* Work instruction *
For the data below, retype word for word the lines from the one containing "38b0623279dbef Lyst - Bernardo" through the one containing "SONY KDL 40U4000"; drop the pictures.

* Supplied data *
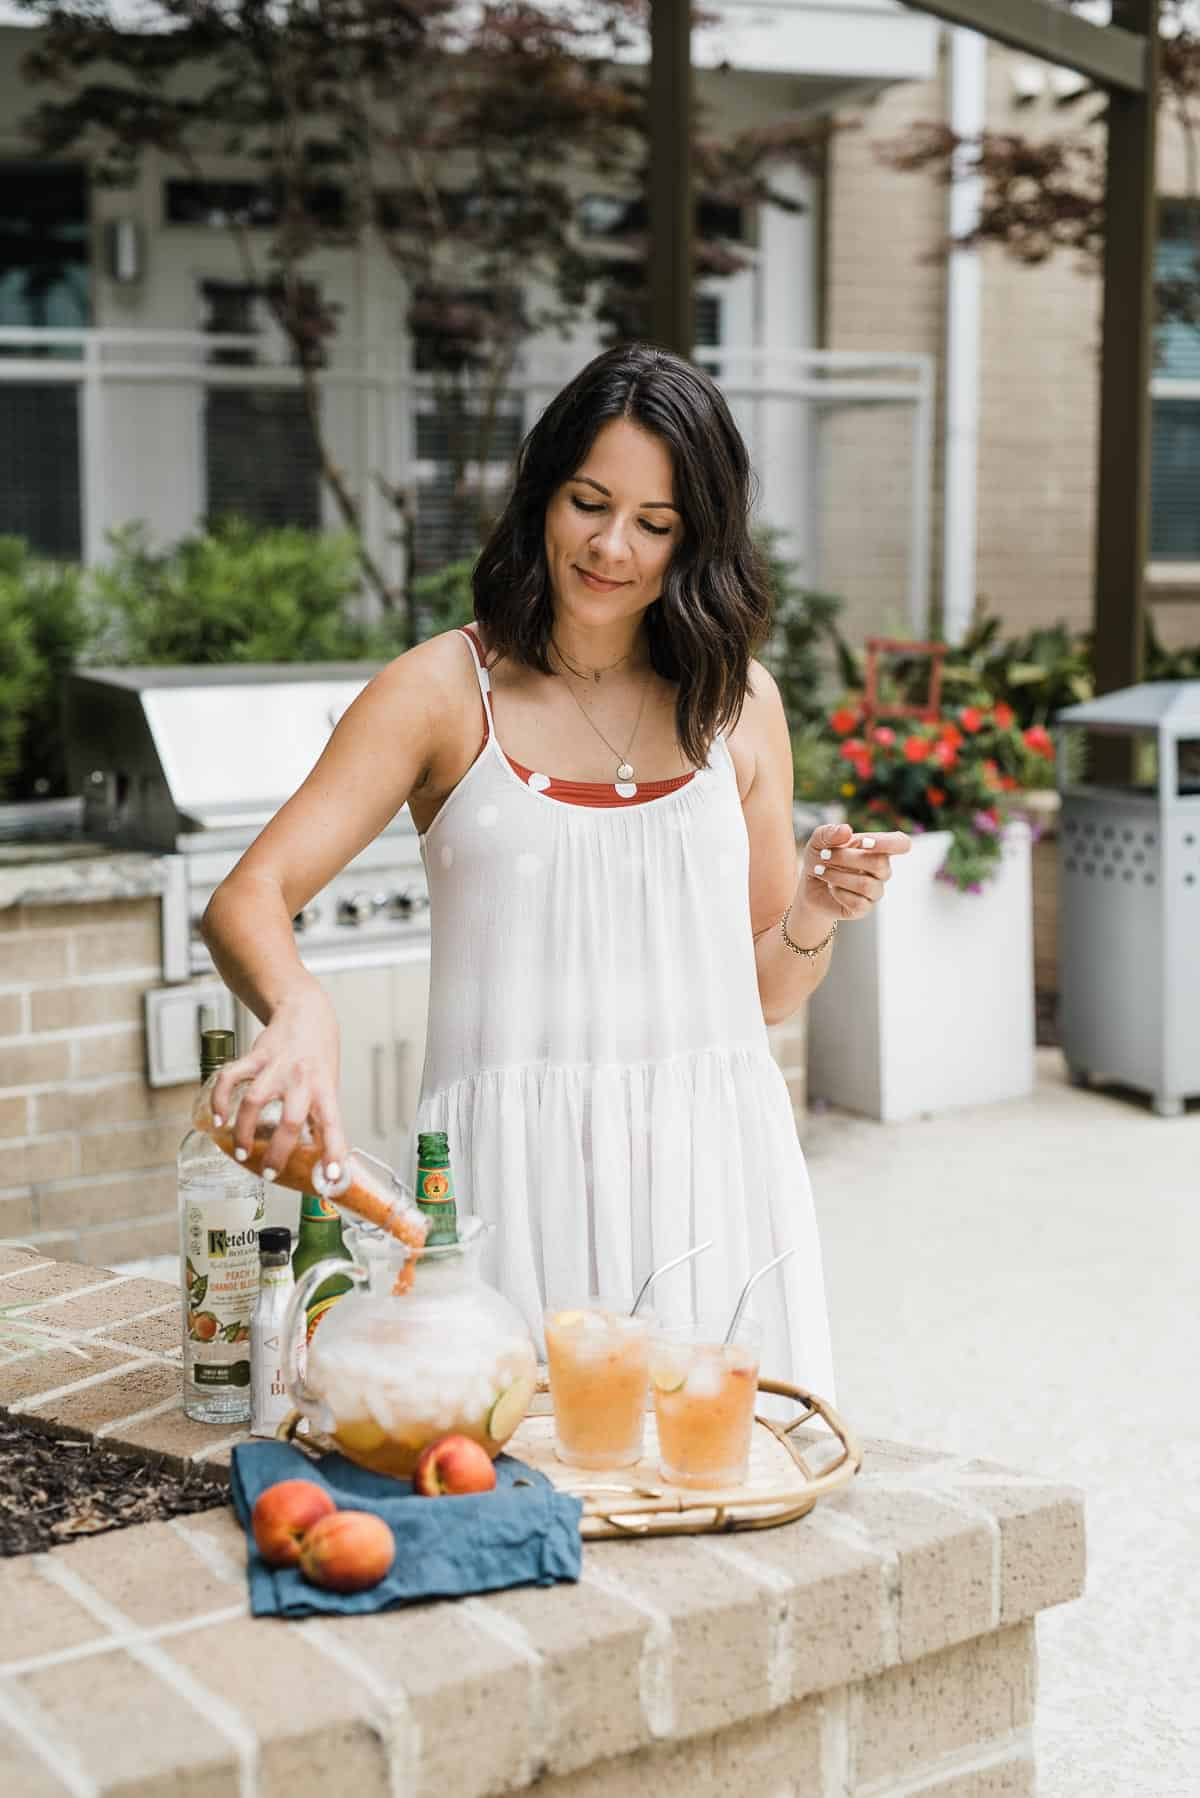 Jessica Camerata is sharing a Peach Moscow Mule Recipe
==
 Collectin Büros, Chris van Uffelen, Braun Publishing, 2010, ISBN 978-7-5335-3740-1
...
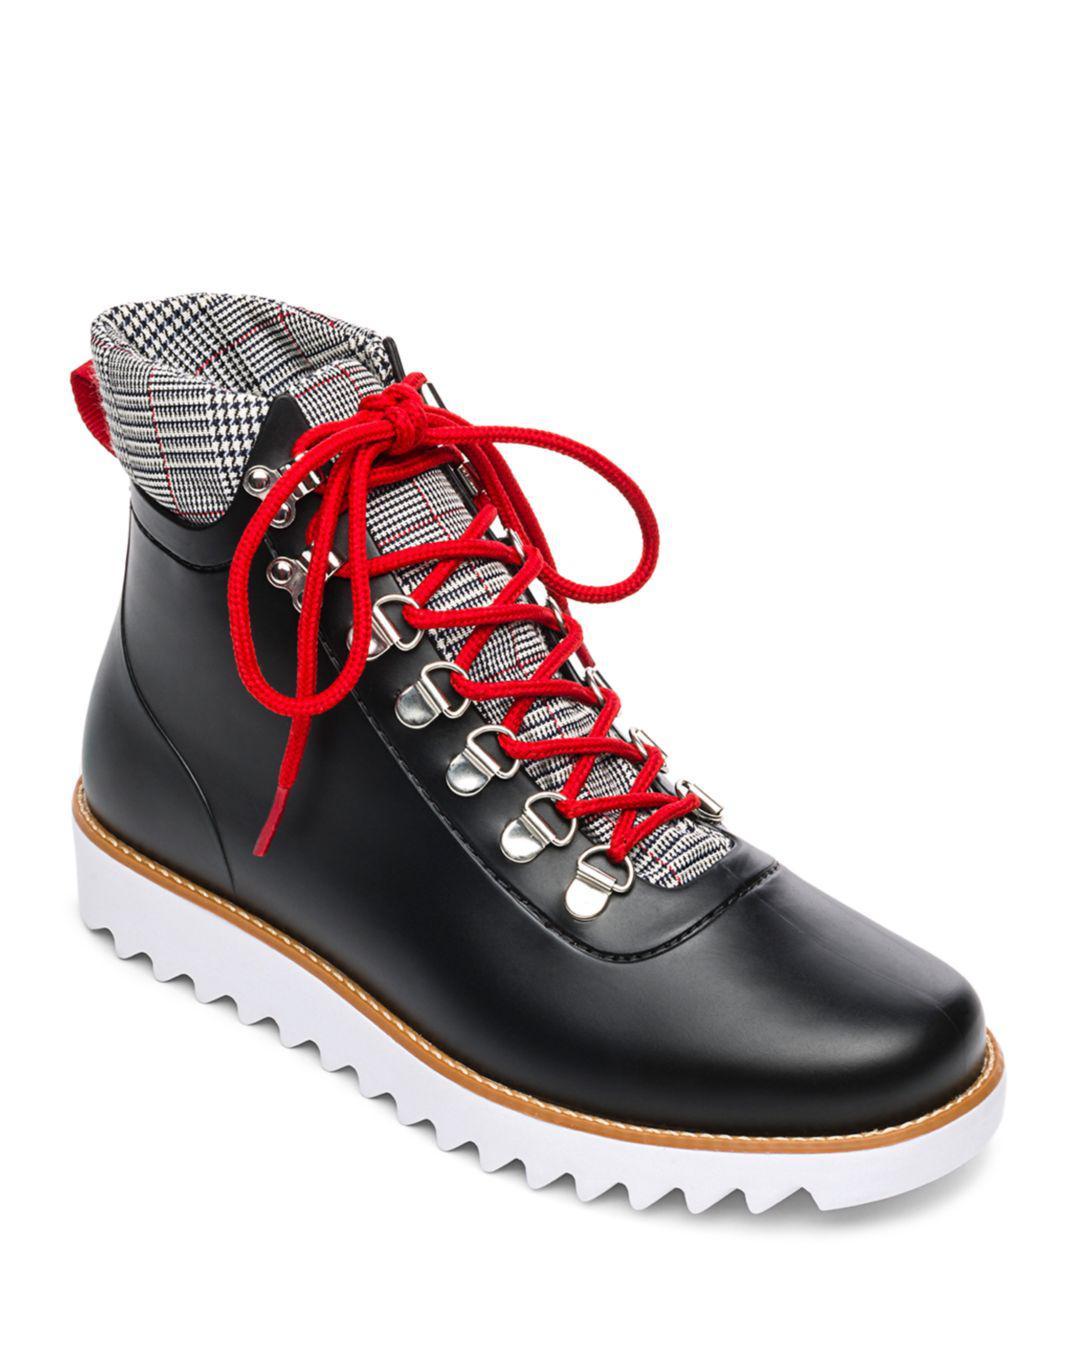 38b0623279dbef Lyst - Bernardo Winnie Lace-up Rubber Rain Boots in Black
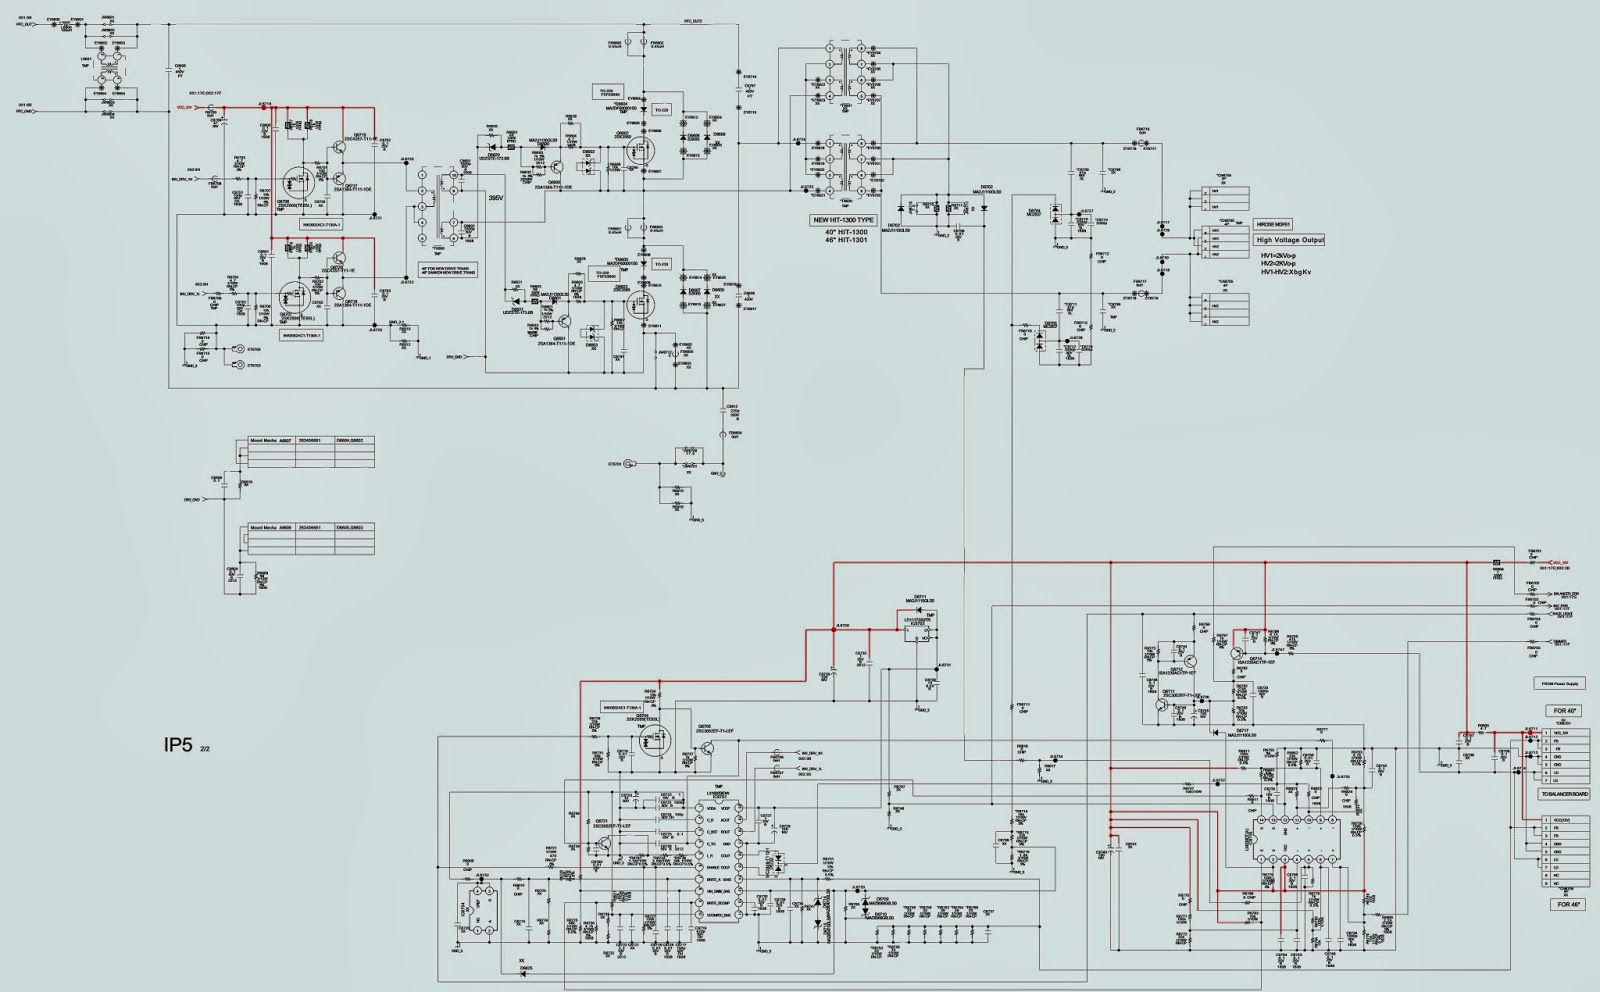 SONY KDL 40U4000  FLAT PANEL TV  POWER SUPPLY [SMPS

* Written response *
 38b0623279dbef Lyst - Bernardo Winnie Lace-up Rubber Rain Boots in Black
 SONY KDL 40U4000  FLAT PANEL TV  POWER SUPPLY [SMPS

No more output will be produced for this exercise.